| DATA BLOCK |
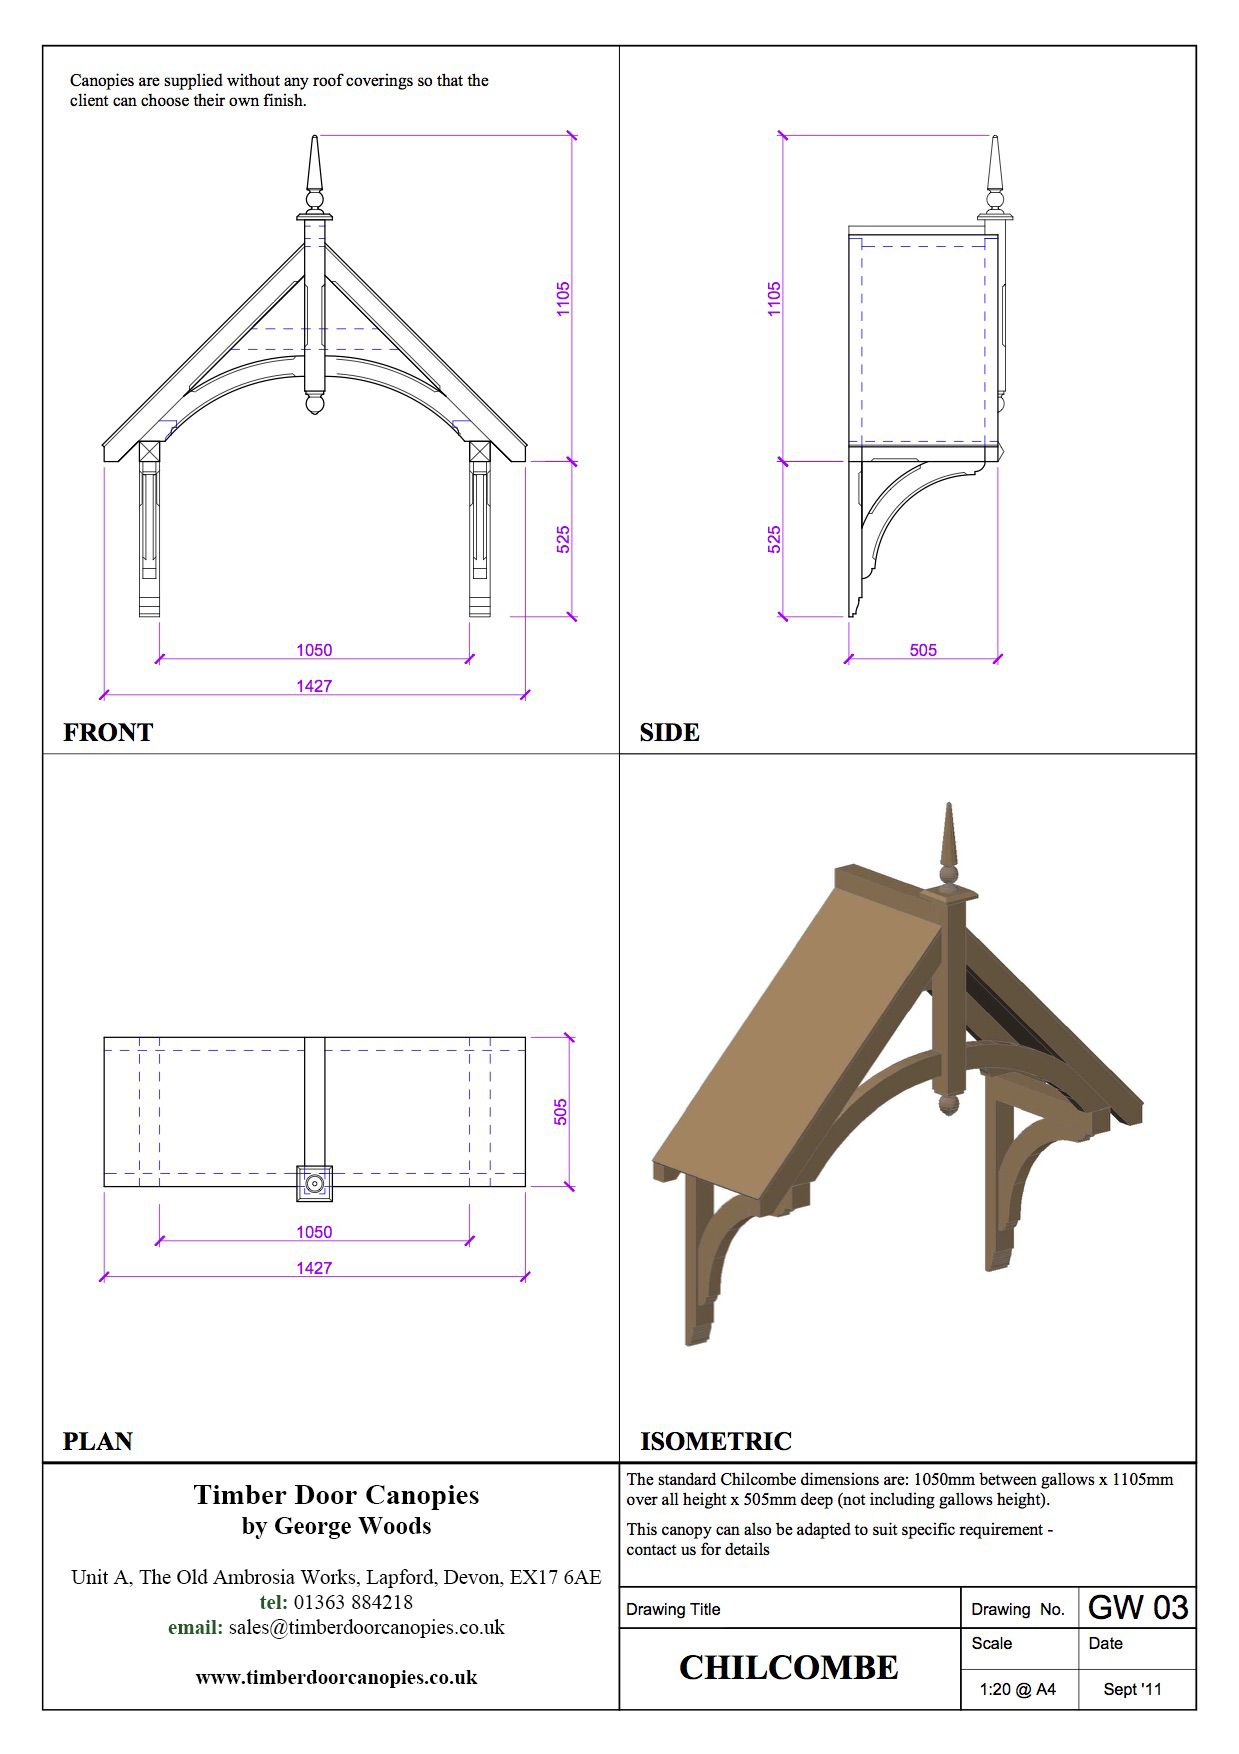 Eastacombe canopy CAD drawings
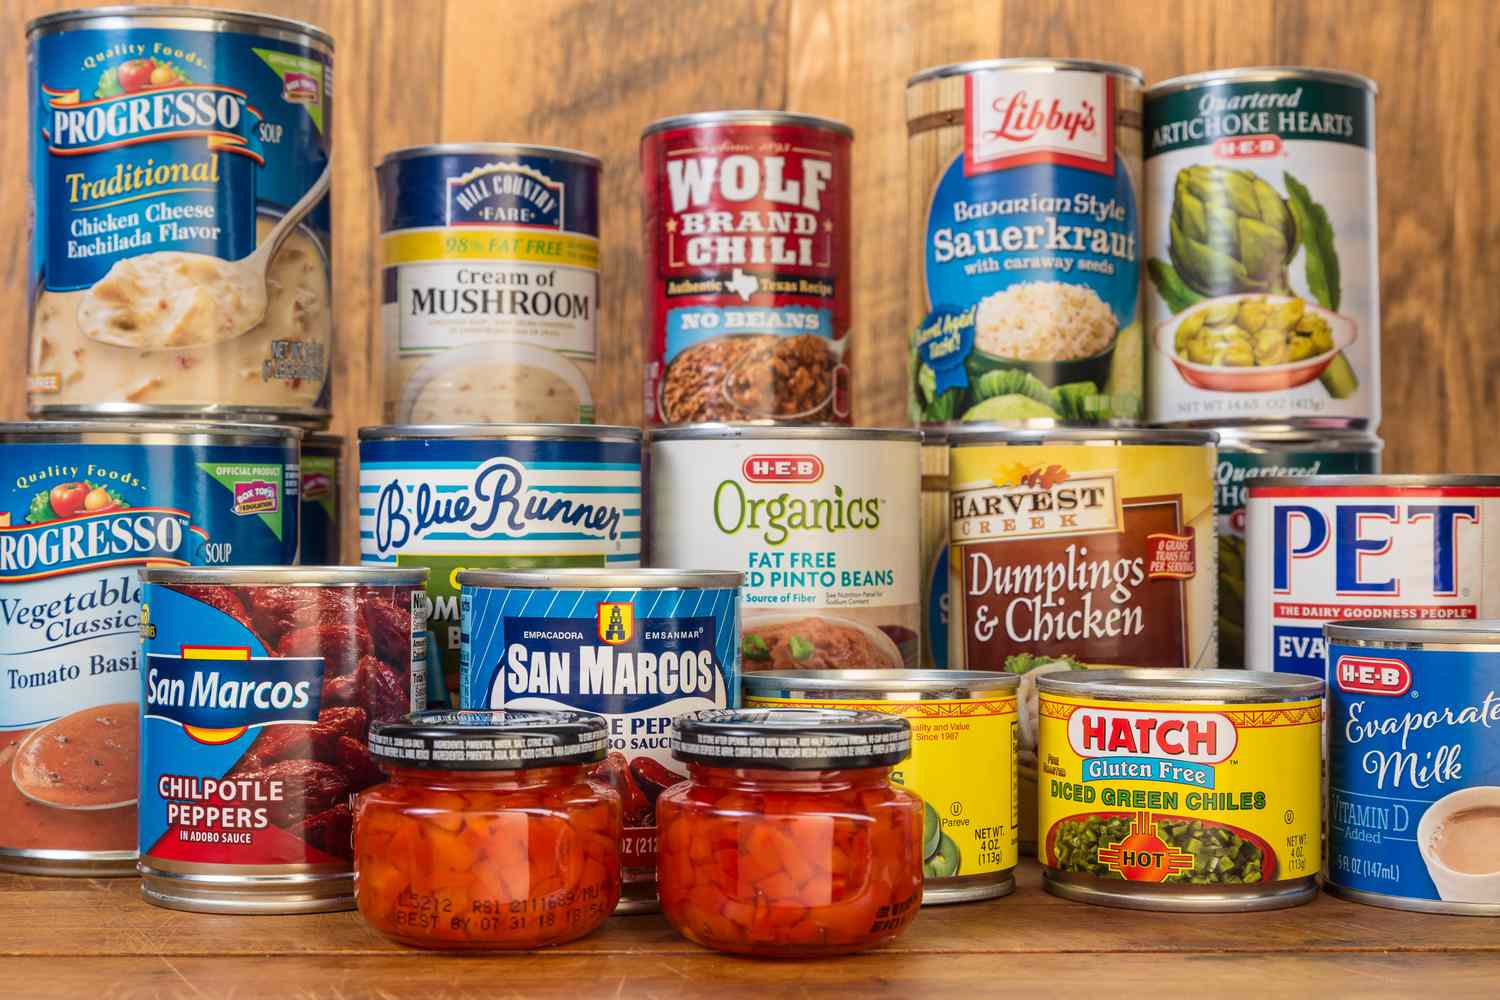 “Exploring the Sustainability of Canned Food Packaging”
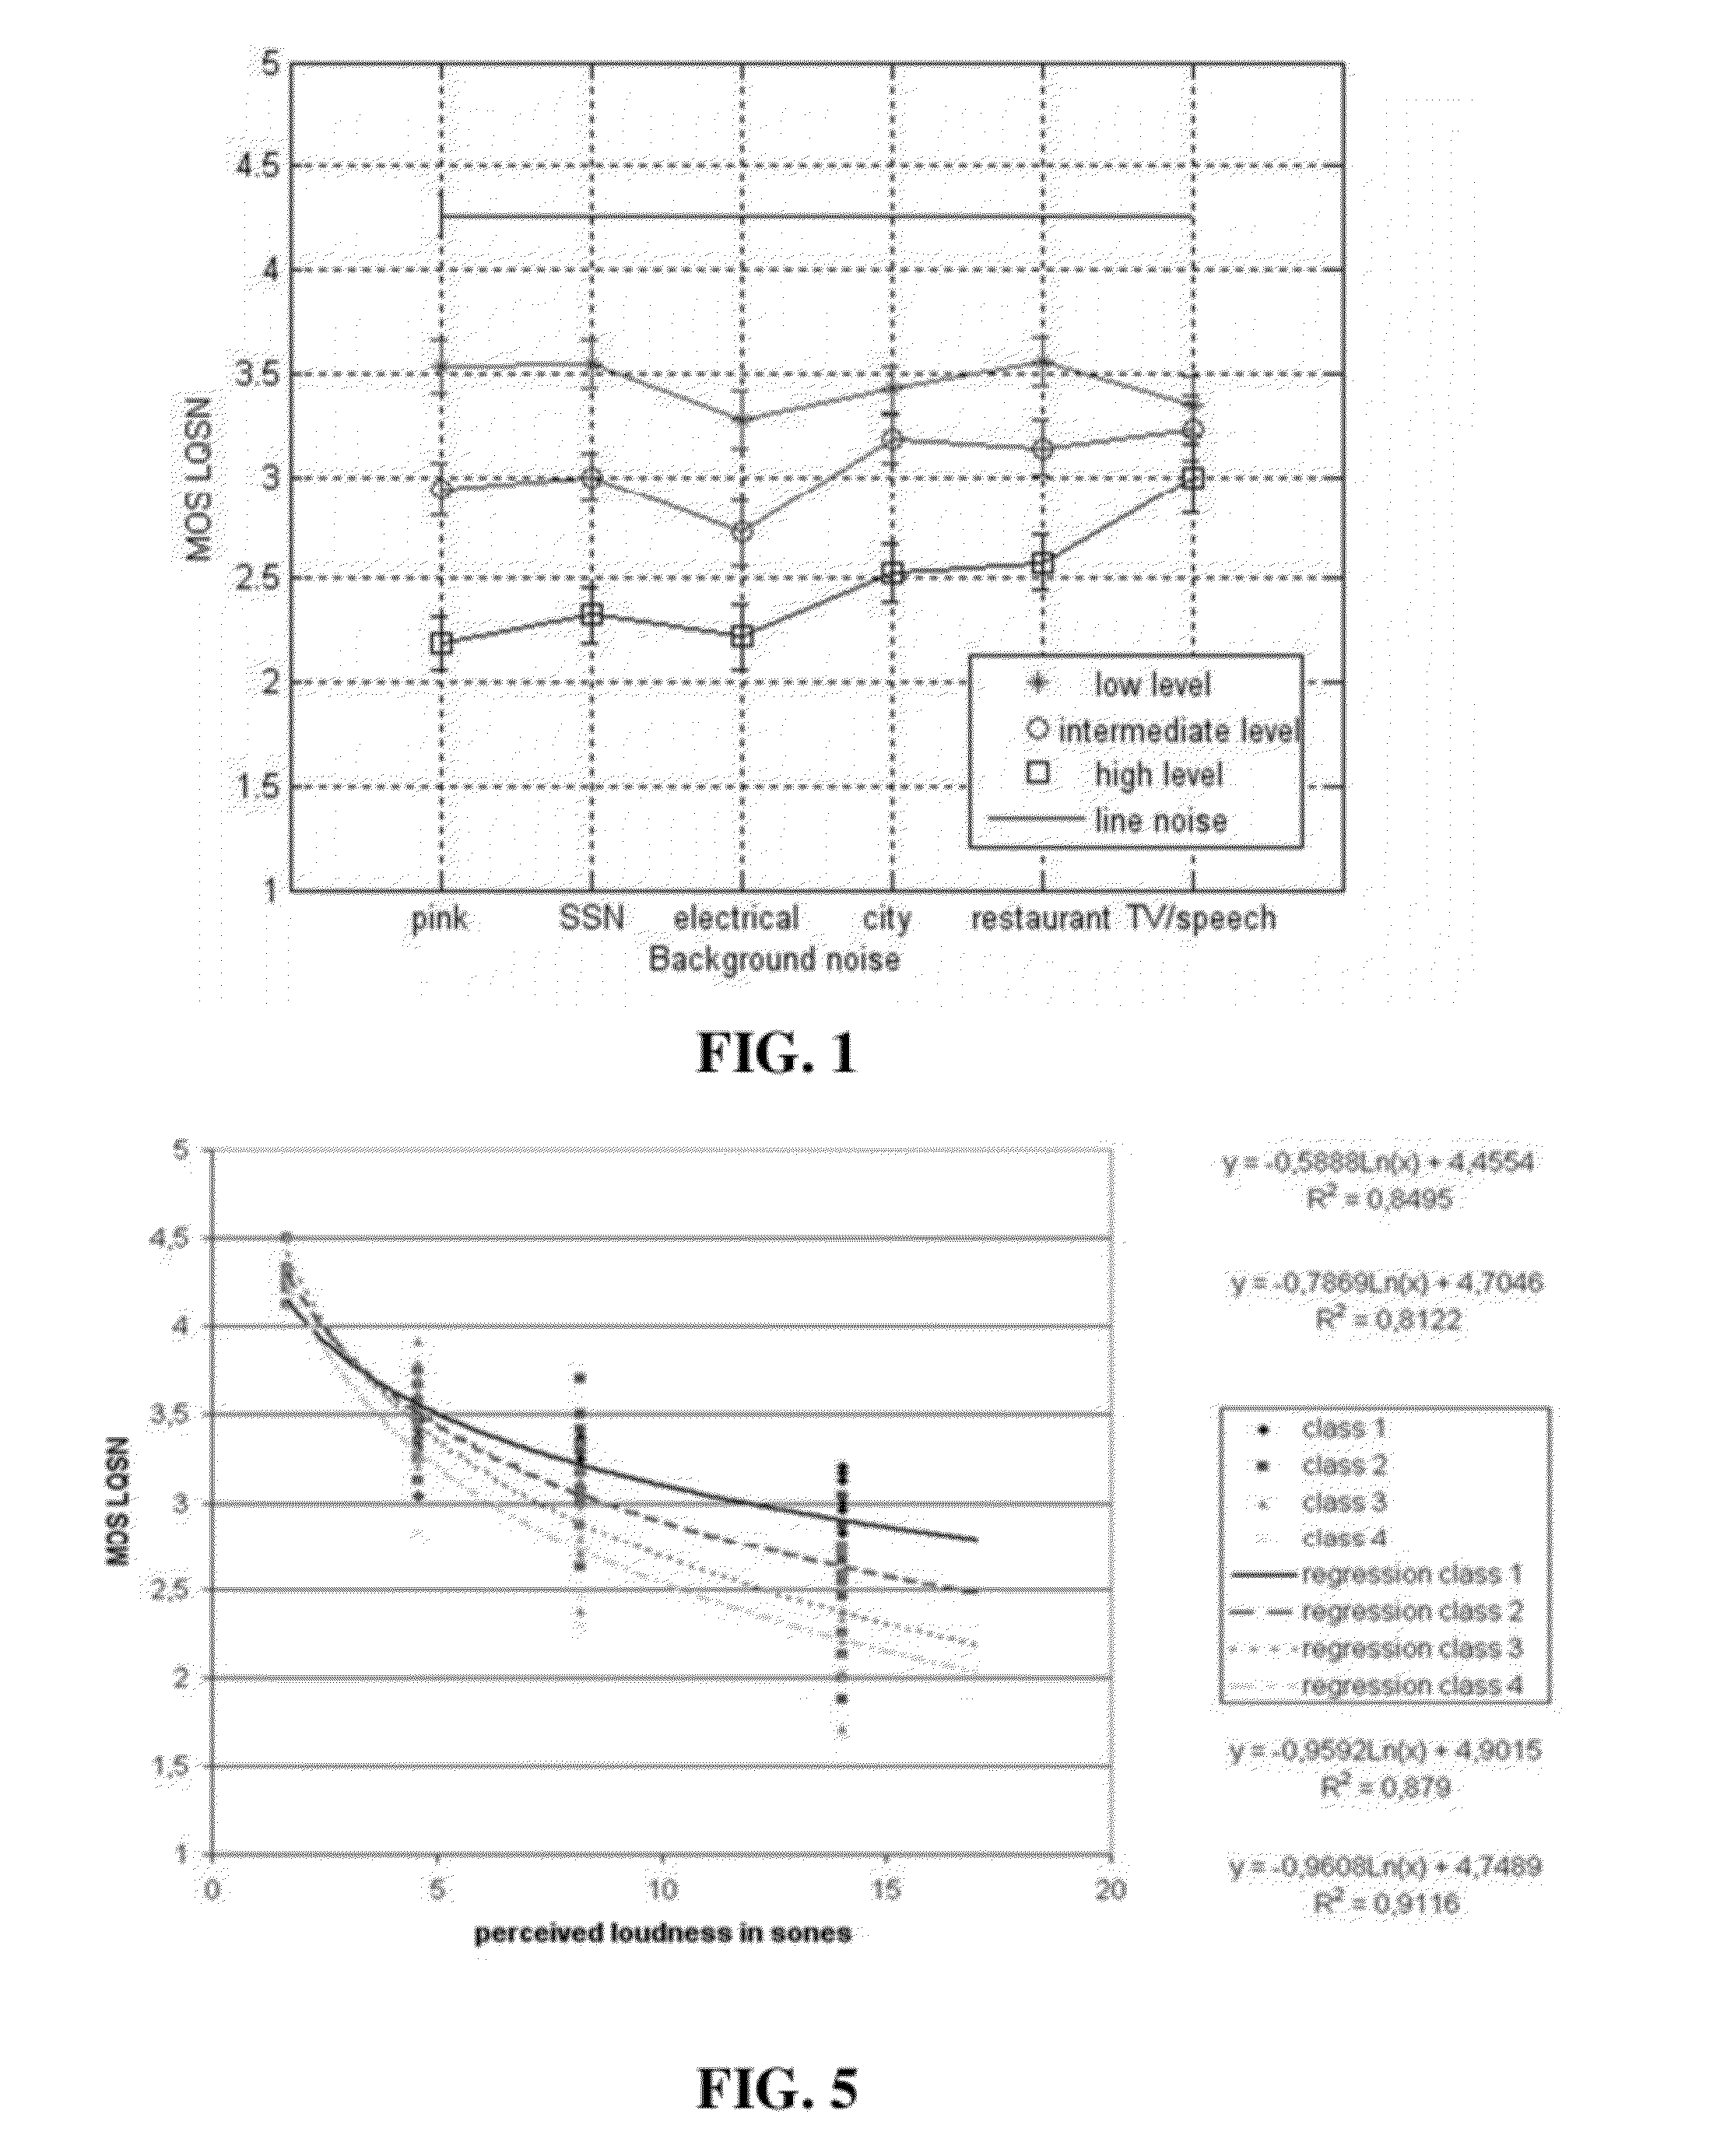 Method and device for the objective evaluation of the voice quality of a speech signal taking into account the classification of the background noise contained in the signal

| PROBLEM STATEMENT |
Output all the data above verbatim, leaving out images.

| RESPONSE TO THE EXERCISE |
 Eastacombe canopy CAD drawings
 “Exploring the Sustainability of Canned Food Packaging”
 Method and device for the objective evaluation of the voice quality of a speech signal taking into account the classification of the background noise contained in the signal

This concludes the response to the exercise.